# Review - Logitech X540 5.1 Speaker System



## techtronic (Jun 5, 2008)

*Introduction
*For those of you not turning your PC on for the first time, Logitech really needs no introduction. However, to be fair of those who might not know any better, Logitech has been a staple of the PC community for the past 25 years offering gaming peripherals, audio solutions, presentation hardware. Basically, if you can plug it into a PC or make it work with a PC, more than likely Logitech has something for you!
  With that said, today we are taking a look at Logitech's X-540. The x-540s are a 5.1 surround sound speaker system designed with the 'ballin' on a budget' group. Weighing in at an MSRP of $99.99 (US), the X-540 should be obtainable for all but those on the tightest of budgets. On paper, the X-540s sound good but our goal isn't to read the press sheet, but rather to find out how they perform and if they are worth your dollars. Do they provide a level of immersion in games and if so, how well do they do it? How do they sound when watching a movie or just listening to MP3's or an iPod. Let's find out.

Source : 
*techgage.com/article/logitech_x-540_51_speakers/1

Product Page :
*www.logitech.com/index.cfm/speakers_audio/home_pc_speakers/devices/234&cl=us,en


----------



## desiibond (Jun 5, 2008)

It's priced at somewhere around 4.5k-5.5k here in India. True VFM and superb performer.


----------



## haider_up32 (Jun 7, 2008)

i am looking for a speaker sys under 4k ....any suggestions


----------



## techtronic (Jun 8, 2008)

^^ Well, you can go for the Inspire Series from Creative in that case


----------



## ankushkool (Jun 8, 2008)

haider_up32 said:


> i am looking for a speaker sys under 4k ....any suggestions



check out altec lansing BXR1121 or VS4121
even zebronics ZEB-SW8000 is quite good.


----------



## dOm1naTOr (Jun 8, 2008)

U can et its smaller brother X530 for 4k. It has same power as X 540, ut low on features like wired remote. Performance is almost same.


----------



## shivg33k (Jun 8, 2008)

Go for Logitech X-540 its new, X-530 is slightly older version.
Anyhow both rock, my friend has X-530 after that i had brought X-540 it rocks....


----------



## haider_up32 (Jun 9, 2008)

i think i have a tight budget..........it now 3k for a speaker system

-x540 cost more than 5.5k
-x530 costs around 5k

-M50 is a 5.1 system but its sat are underpowered 2.3W RMS 

-Initially i wanted to go for 5.1 creative inspire but for 1 satellite of 6W rms you have to pay Rs 2k extra

5.1 5200 is 4.1k n 6060 is 4.3k

plus 98 percent of the movies i watch are 2 channel(dl from www)

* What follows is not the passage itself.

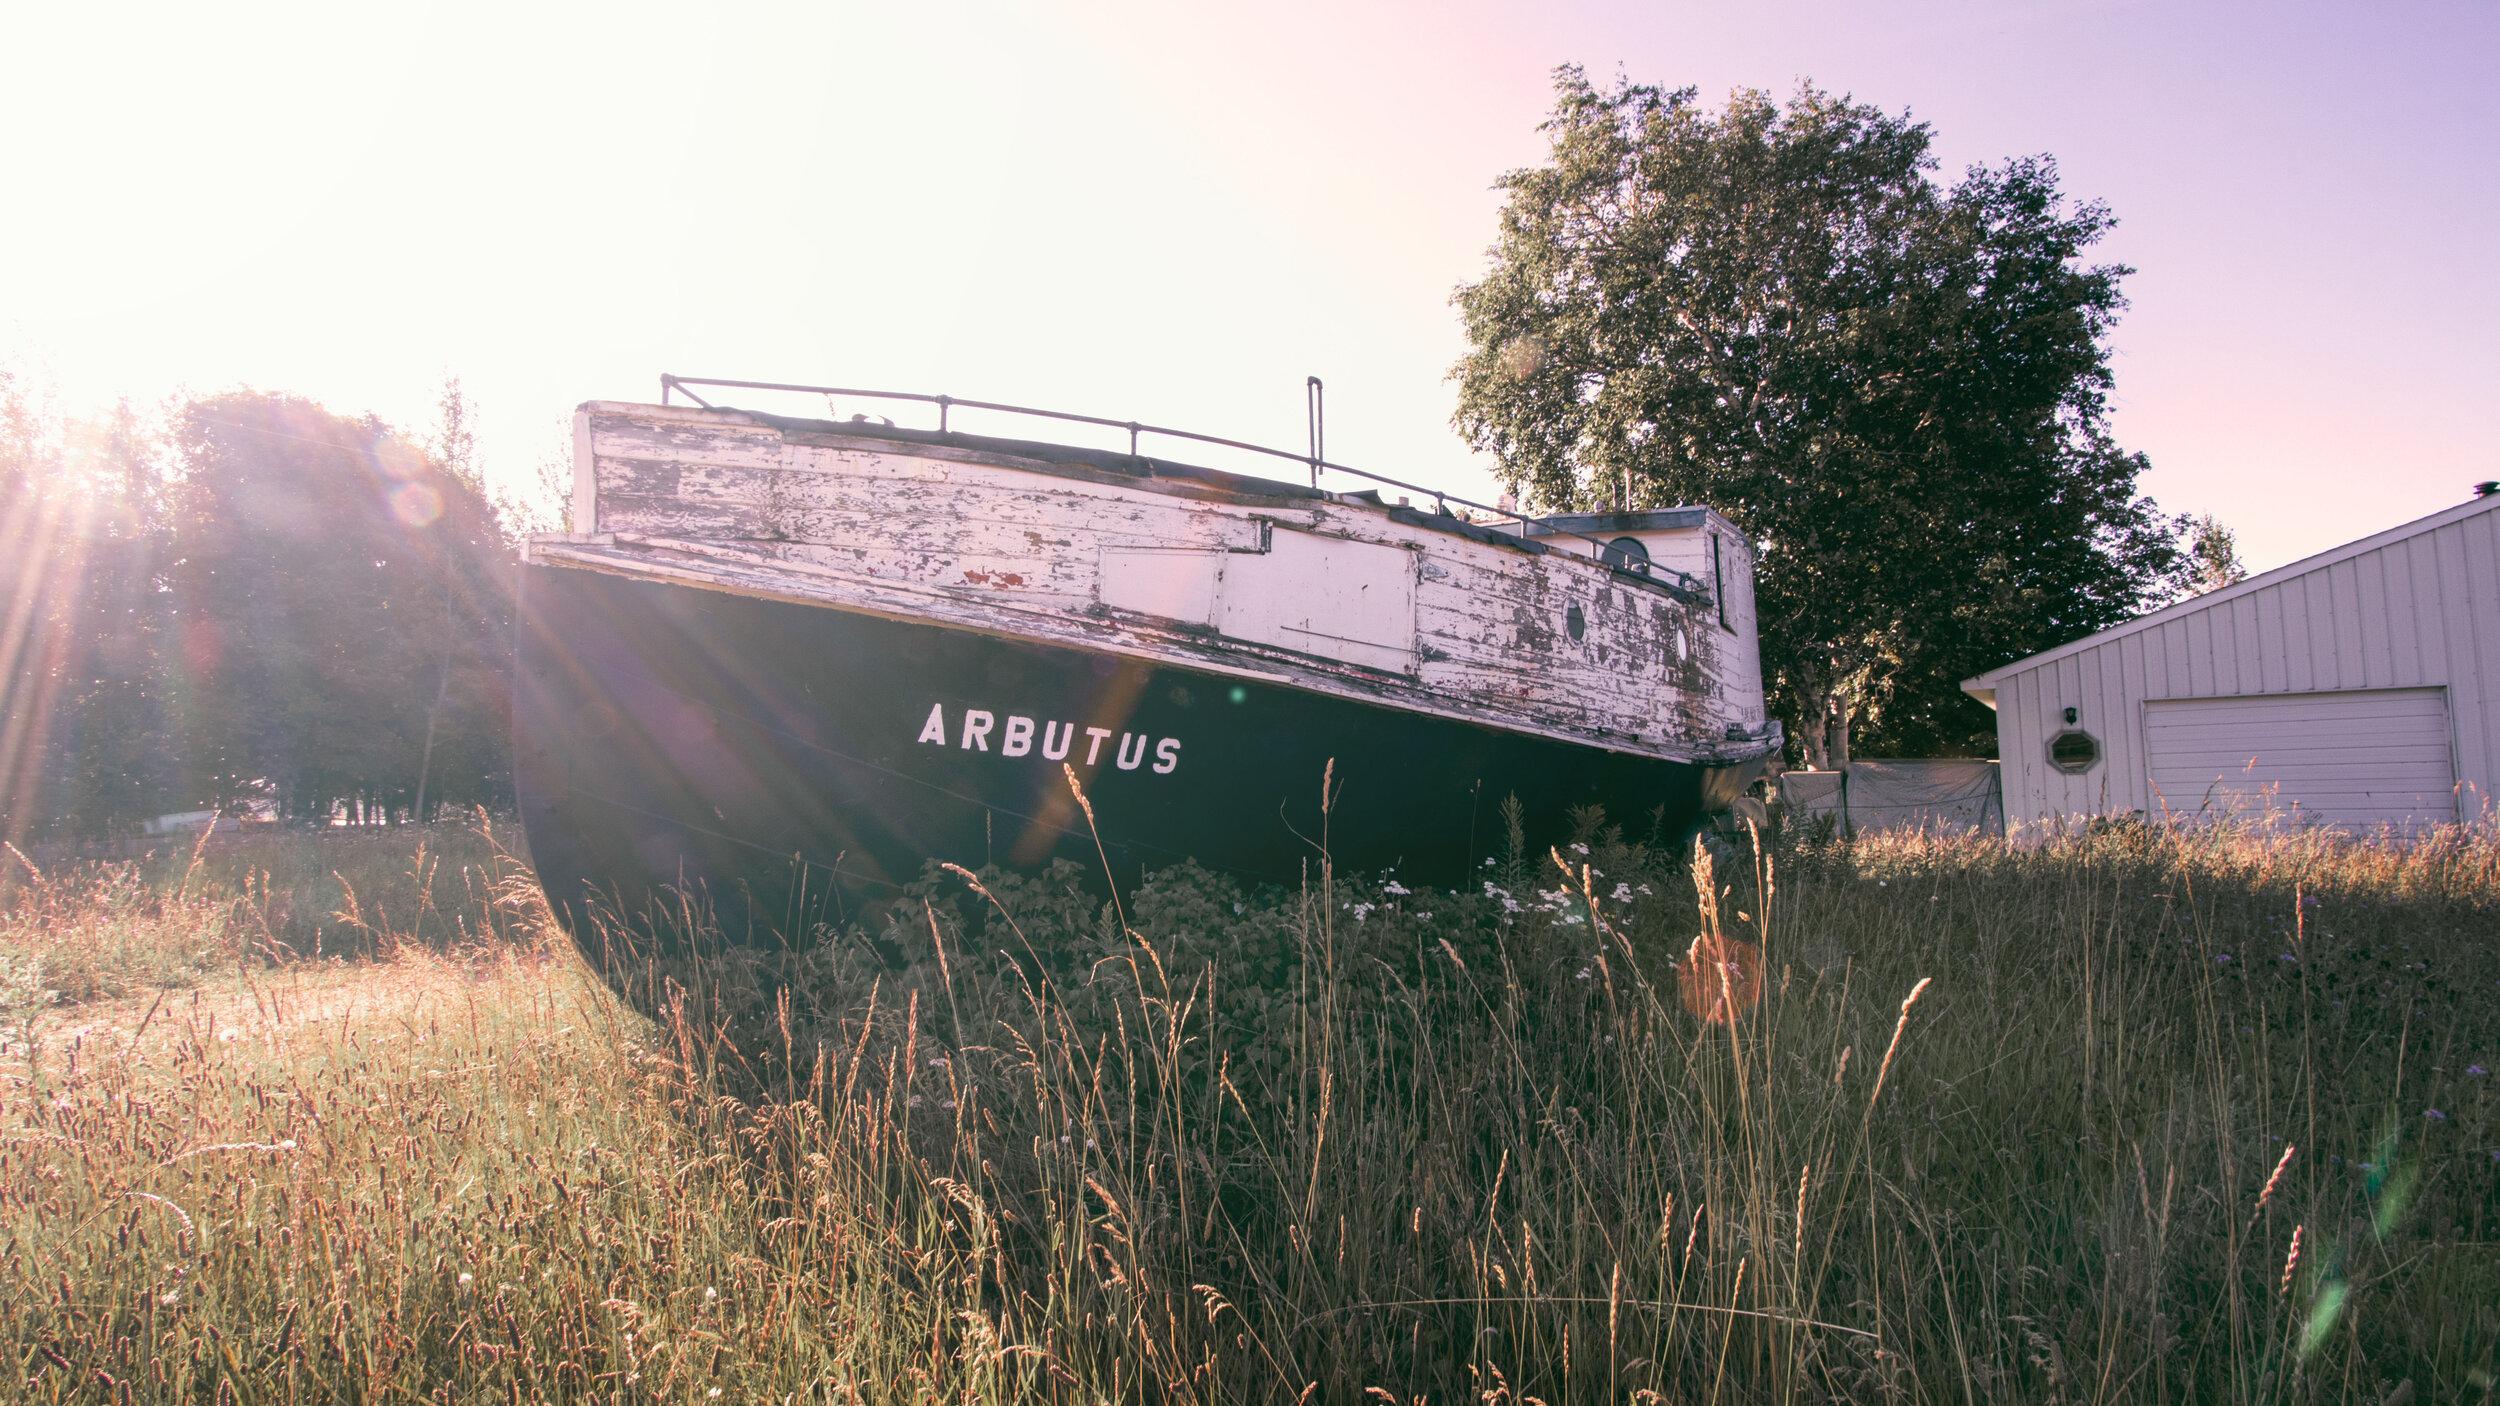 Arbutus, Grand Marais, Michigan, 08.20.2019
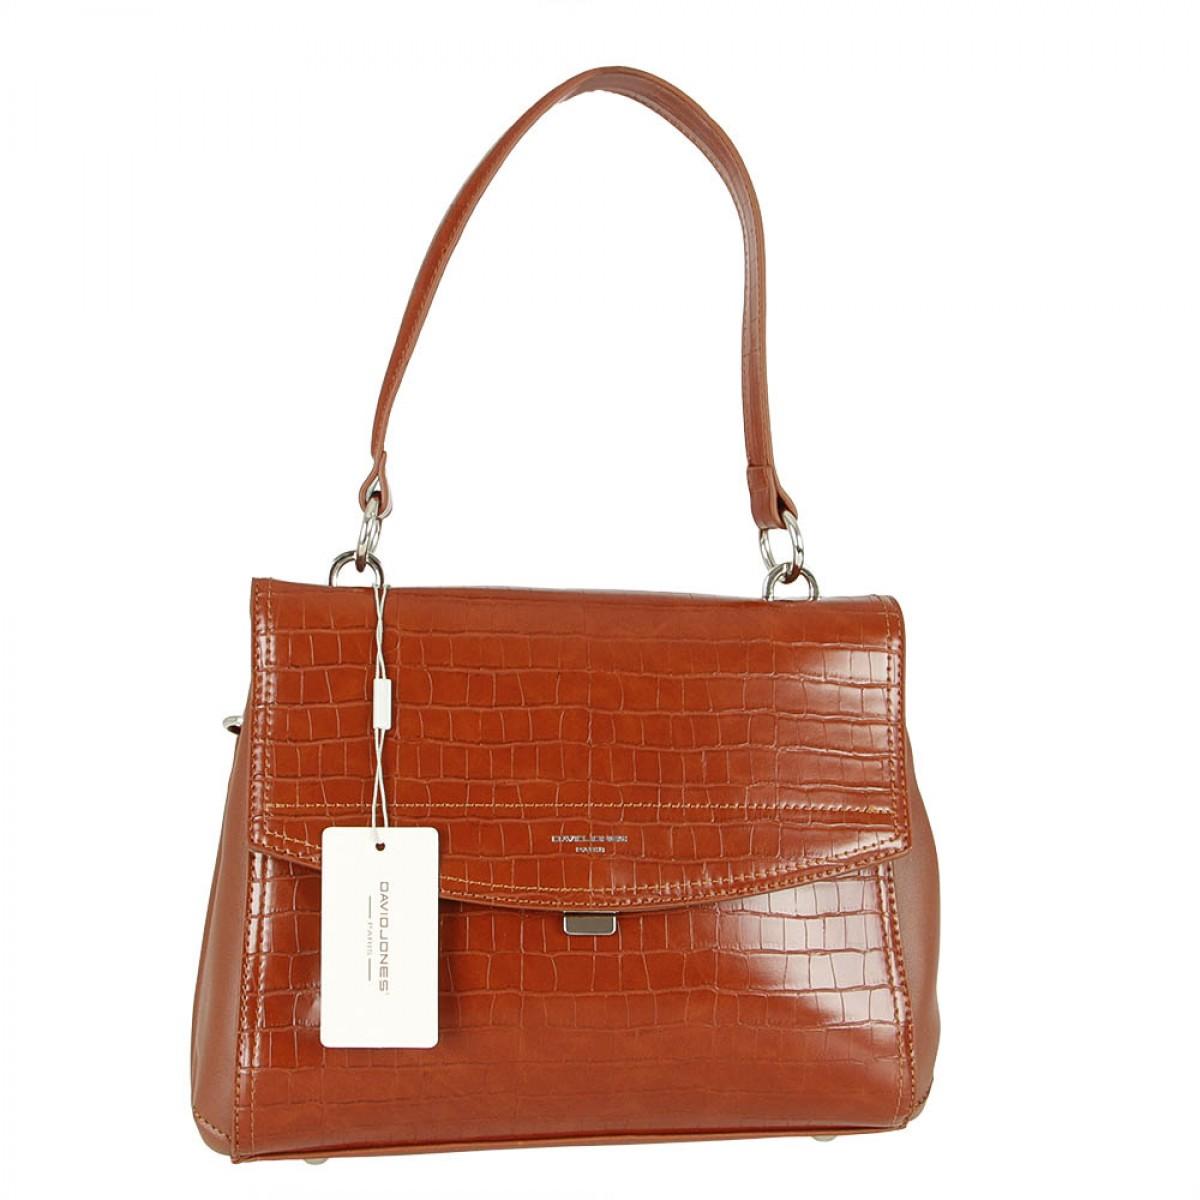 Жіноча сумка David Jones 6148-2 BROWN

so i have decided creative inspire 4.1 4500 (41W RMS)


----------



## naveen_reloaded (Jun 9, 2008)

Can anyone compare this system with logitech z5500 ....?


----------



## dOm1naTOr (Jun 9, 2008)

Y not....Z 5500 is 10X times powerful nd richer in sound. It burns a hole in ur pocket as well. It has a decoder and is THX certified.


----------



## desiibond (Jun 9, 2008)

haider_up32 said:


> i think i have a tight budget..........it now 3k for a speaker system
> 
> -x540 cost more than 5.5k
> -x530 costs around 5k
> ...


 
Dude.

X-530 is around 4.2k and X-540 is around 5.2k

Moreover, The advantage with X-540 is that it turns a 2channel input to 5channel input. A definite advantage for those with movies with stereo out.


----------



## naveen_reloaded (Jun 9, 2008)

Thanks dominator


----------



## haider_up32 (Jun 10, 2008)

yeah x-540 is retailing for Rs4800...4.1 4500 for 2200 and 5.1 5300 for 3300......

i just bought m5300 coz of its price ...x-540 way to costly for me and in future if i get money i will get z5300 and give this sp to bro



desiibond said:


> Dude.
> 
> X-530 is around 4.2k and X-540 is around 5.2k
> 
> Moreover, The advantage with X-540 is that it turns a 2channel input to 5channel input. A definite advantage for those with movies with stereo out.



...any 2channel audio or movie u watch u will get its sound through all 5.1 set....

matrix mode creates 5.1 if yu have a non5.1 scard...that is when u connect a single 3.5mm jack of the speaker and get sound on all set...may come handy sometimes...

with creative u can accomplish this with special leads


----------